I wrote code that scraps every day of the year and saves it in a separate .xlms file for each day.
start <- as.Date("25-01-19",format="%d-%m-%y")
end <- as.Date("17-12-19",format="%d-%m-%y")
theDate <- start
while (theDate <= end)
{
url <- (paste0("http://www.b3.com.br/pt_br/produtos-e-servicos/emprestimo-de-ativos/renda-variavel/emprestimos-registrados/renda-variavel-8AE490CA64CD50310164D1EFD6412F1C.htm?data=",format(theDate,"%d/%m/%y"),"&f=0"))
site <- read_html(url)
Info_Ajuste_HTML <- html_nodes(site,'table')

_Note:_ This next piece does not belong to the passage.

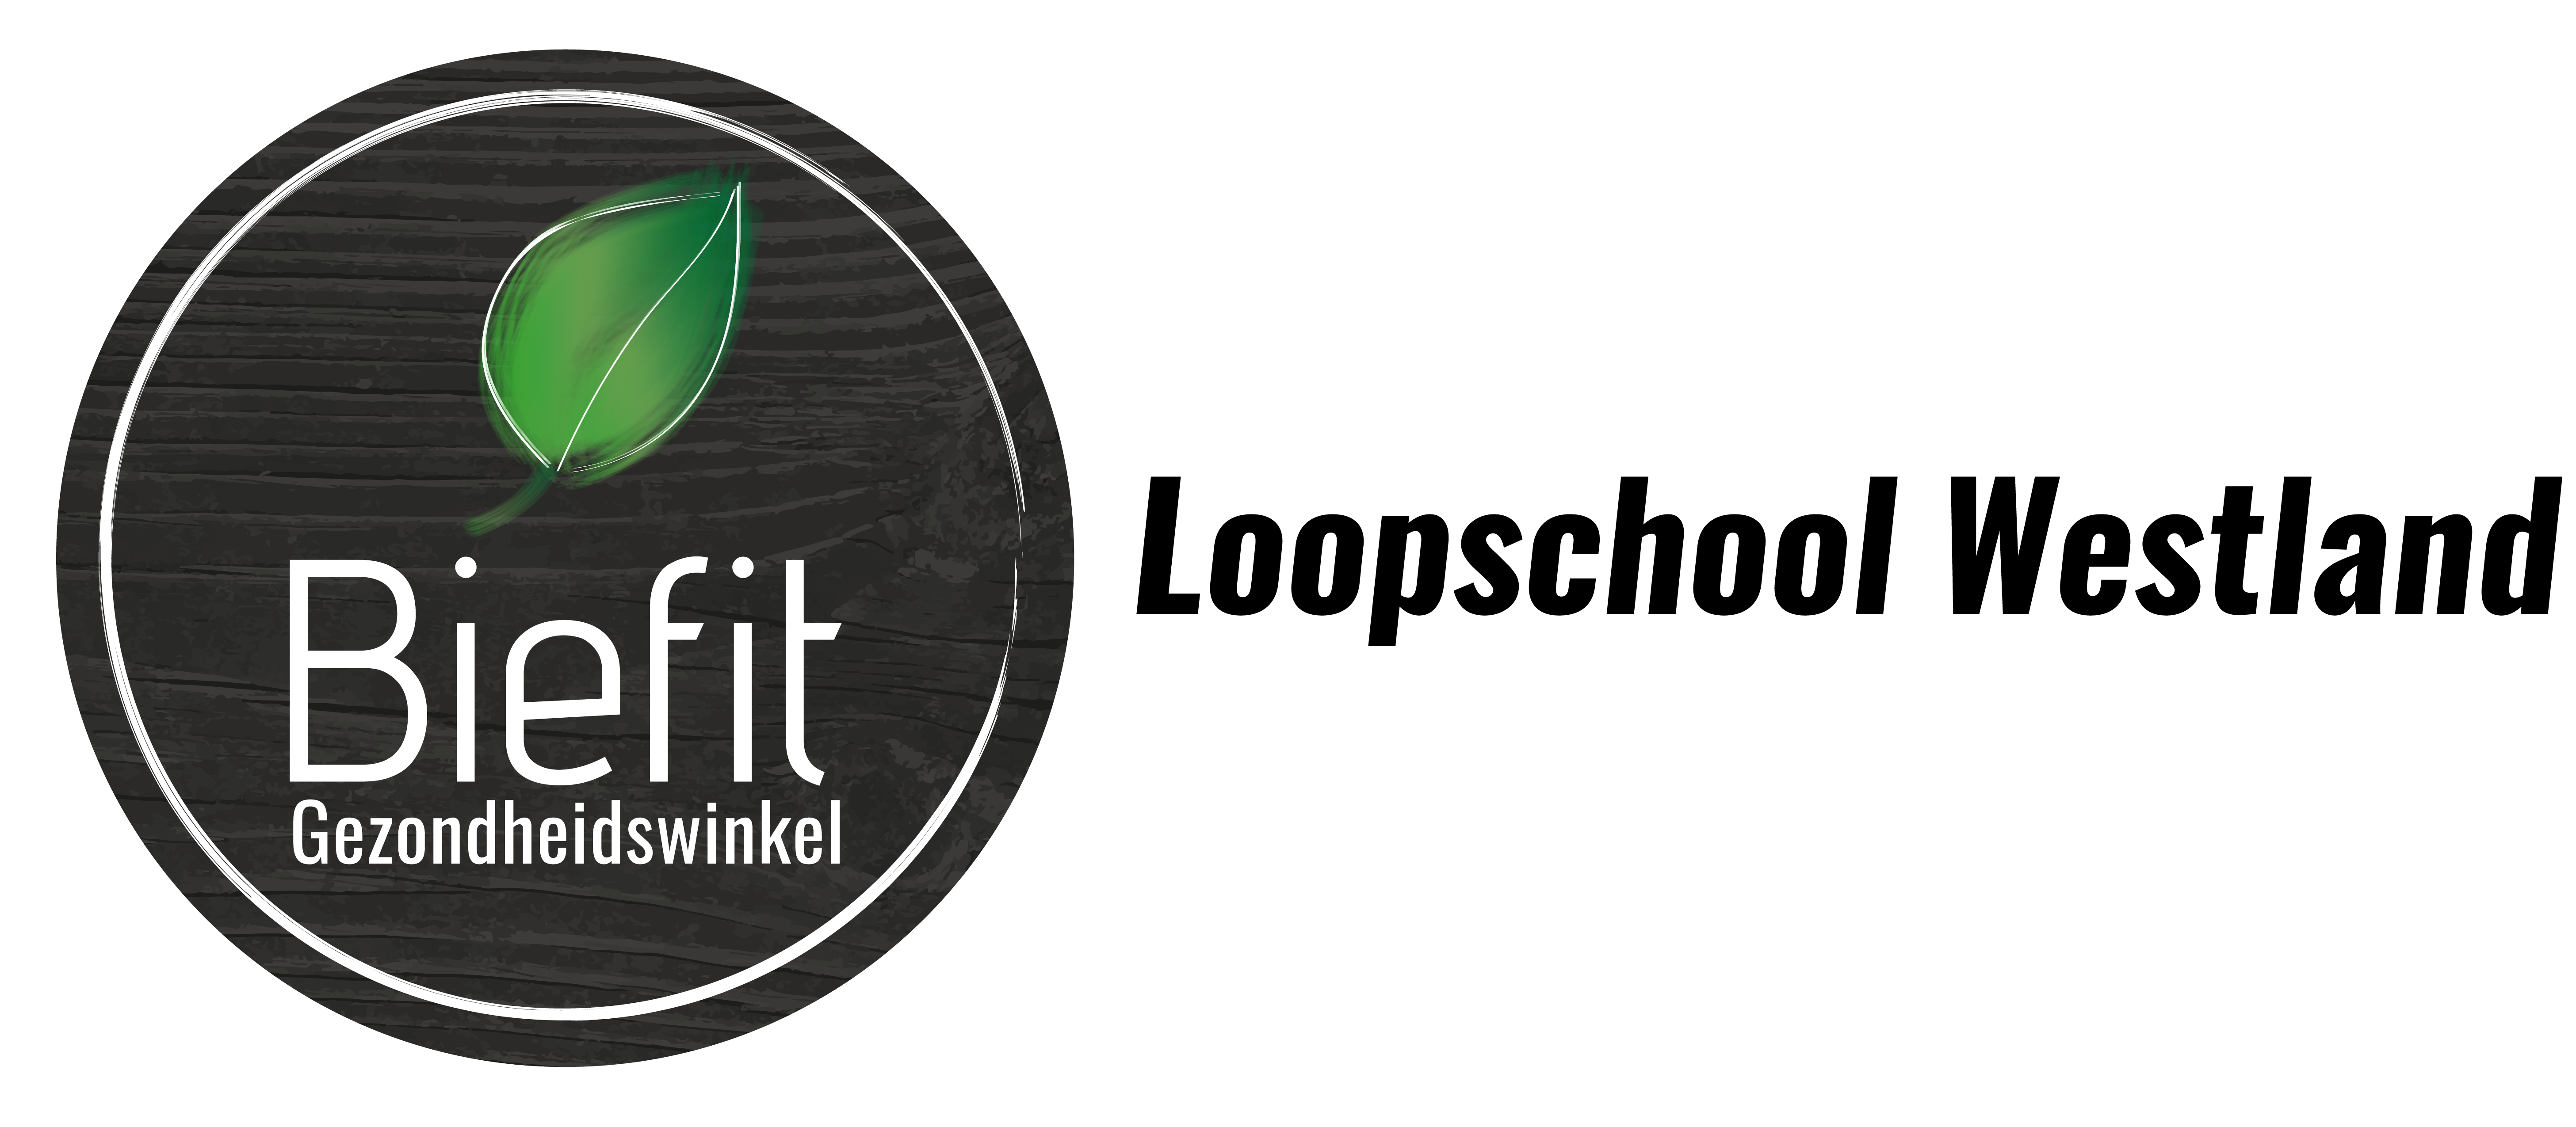 Biefit Loopschool Westland

Info_ajuste <- html_text(Info_Ajuste_HTML)
head(Info_ajuste,20)
t <- head(Info_Ajuste_HTML)
lista_tabela <- site %>%
html_nodes("table") %>%
html_table(fill = TRUE)
str(lista_tabela)
head(lista_tabela[[1]], 10)
if (t =="character(0)") {
theDate <- theDate + 1
} else {
... code ...
The url accessed is dynamic and changes for each day. The problem is in the days when the site goes offline, generates the error "character (0)" when executing the command: >head (Info_ajuste, 20), and the error: "{xml_nodeset (0)}" when executing >head (Info_Ajust_HTML).
This is because it downloads a table and on some days the site does not make that table available.
I needed to create an "if" to skip the days that give this error.